Academics across multiple disciplines and policymakers in multiple institutions have searched for the economic, political, and institutional foundations for financial market strength. Promising theories and empirics have developed, including major explanations from differences in nations’ political economy.
A common view is that, particularly because many pro-market corporate reforms occurred in Europe during the 1990s, when social democratic parties governed and financial markets deepened, basic left-right explanations fail to explain financial market depth. Hence, more complex political explanations are in play, and the correlation of left governments, market-oriented reforms and financial deepening presents an unexpected paradox. This finding indicates, some say, that left-right orientation is unimportant in affecting financial development and that either nonpolitical institutional issues or different political considerations are more central.
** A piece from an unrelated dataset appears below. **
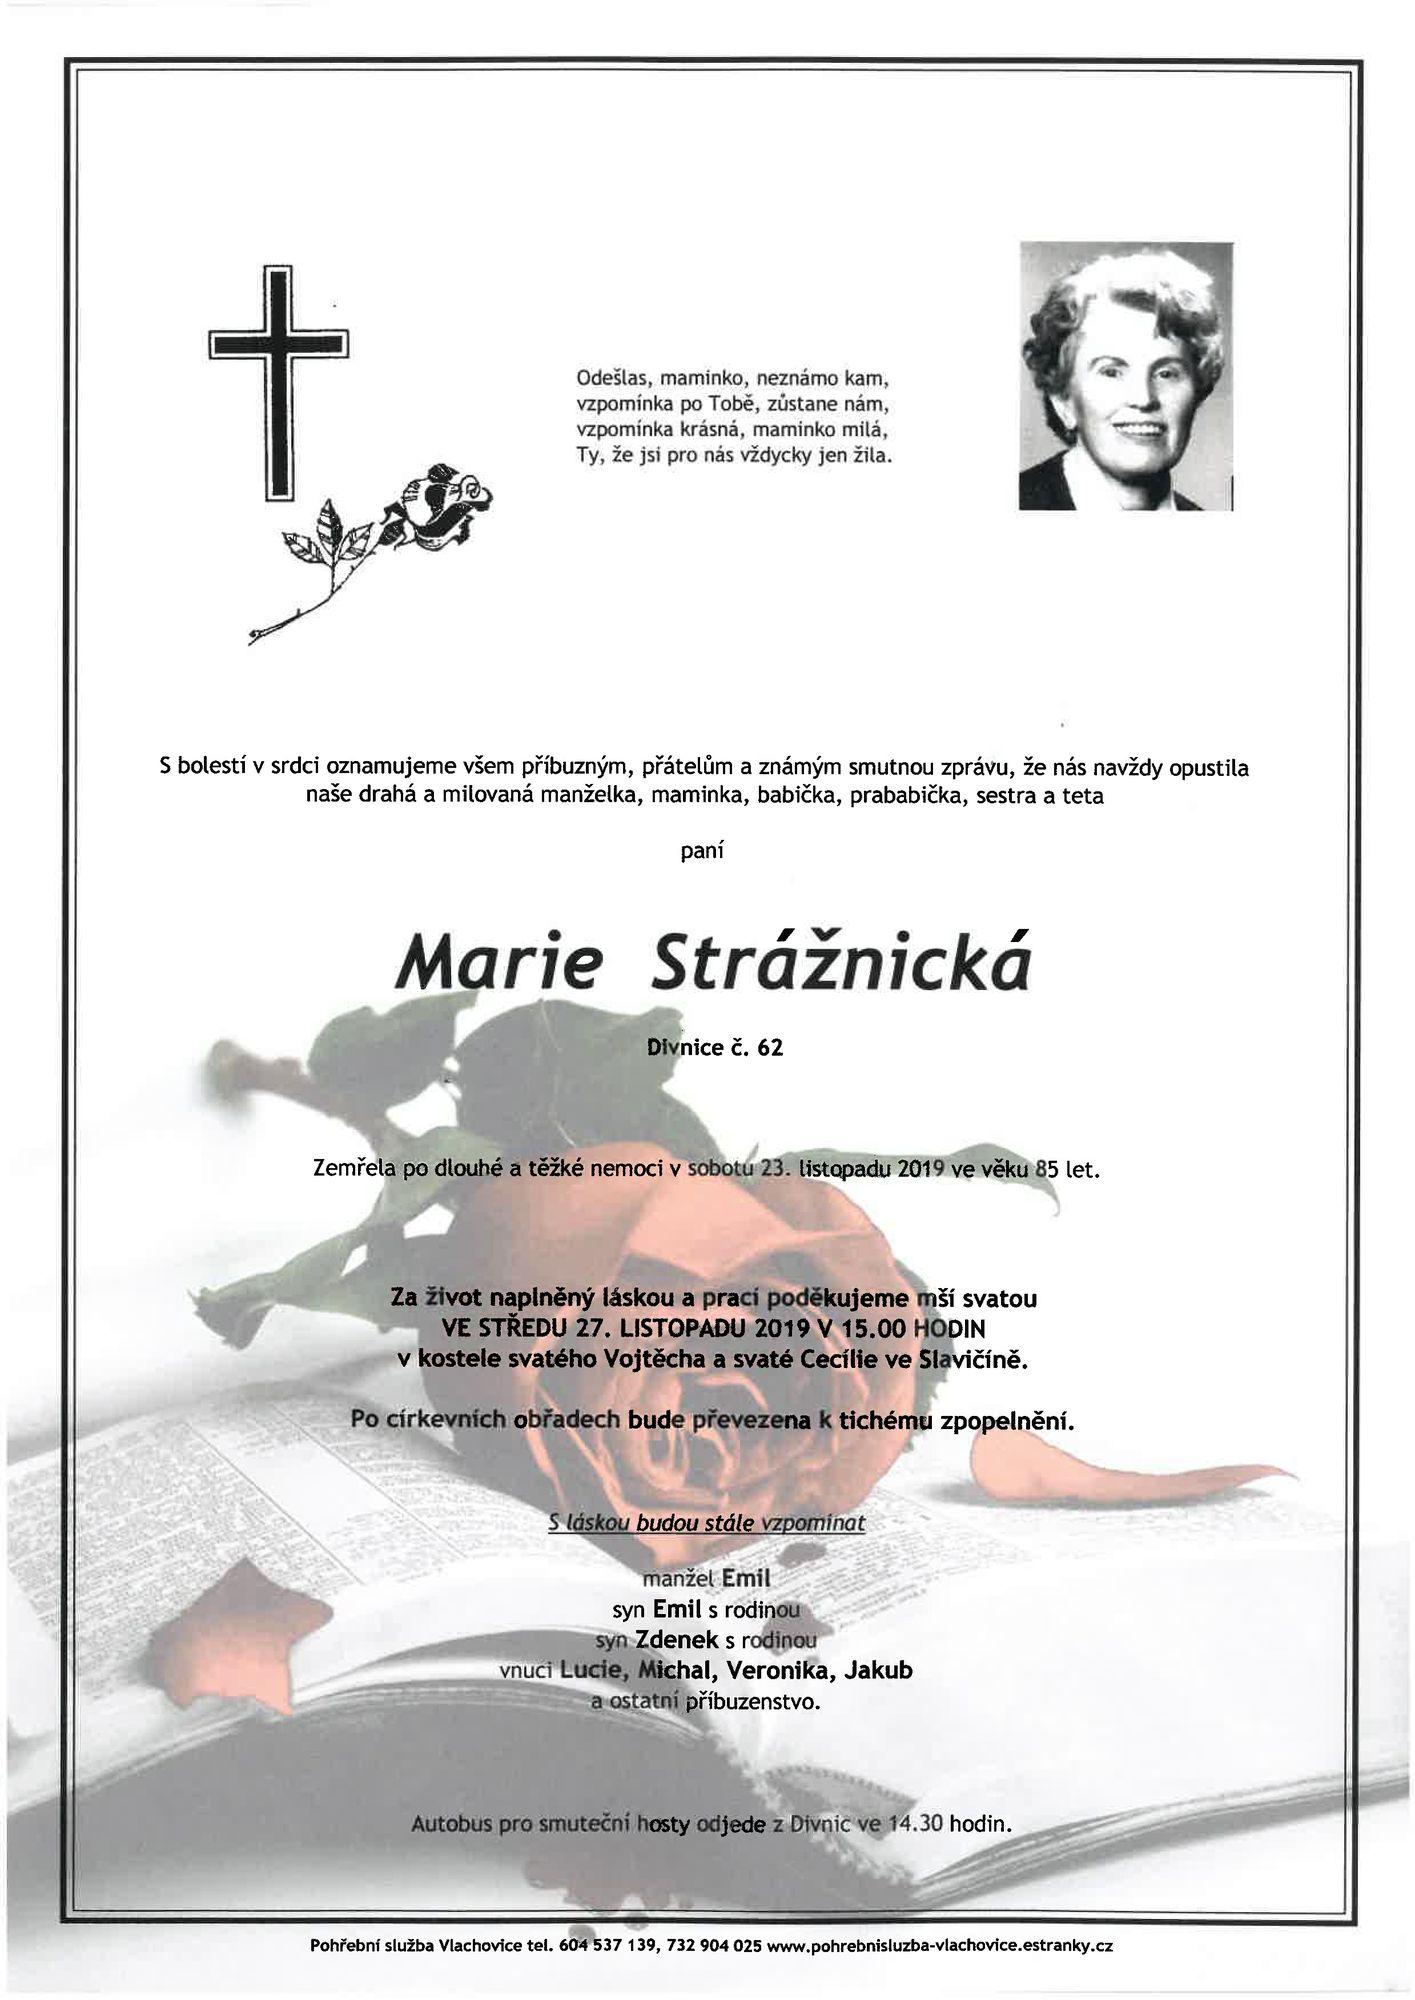 Marie Strážnická

Conceptually, however, it’s not relative local placement of the governing coalition on the nation’s left-right spectrum that counts, but whether the polity as a whole — i.e., its political center of gravity or its dominant governing coalition — is left or right on market-based economic issues. If interests and opinion shift in a nation, such that its political center of gravity is no longer statist and anti-market, then even locally left parties could and would often implement pro-market reforms. (And conversely, in an earlier era when interests and opinions were statist and anti-market, one should not expect to see even locally right parties pushing pro-market financial reforms forward.)
In our recent article, Travis Coan and I bring forward data showing substantial movement over recent decades of political parties and governing coalitions — these shifts must be accounted for in assessing the impact of left-right divisions on financial and securities markets. Prior studies have shown left-orientation not to matter, but these studies have coded, say, Tony Blair’s Labor government as left, just like they coded James Callaghan’s government as left. But the relative degree of pro-market and anti-market thinking and policy of two differed sharply. And, indeed, when one corrects just the coding for Blair and some odd coding of Switzerland as a left-oriented nation for several years, most of the empirical support for left governments supporting strong financial market outcomes disappear.
These political shifts, like that from Callaghan to Blair, correlate with financial markets shifts. Left-right matters not only in the fixed-in-time cross-section, but also the left-right economic shifts over time make an often significant empirical difference. The result from this data and study, in our view, leads to results and correlations that comport with most observers’ intuitions about the impact of left-right politics on financial market depth. The results thereby further buttress the importance of a nation’s basic left-right political orientation in explaining financial market outcomes.
These left-right conceptual issues, and the related data, are discussed and analyzed in Travis Coan’s and my recently completed article, ‘Financial Markets and the Political Center of Gravity’.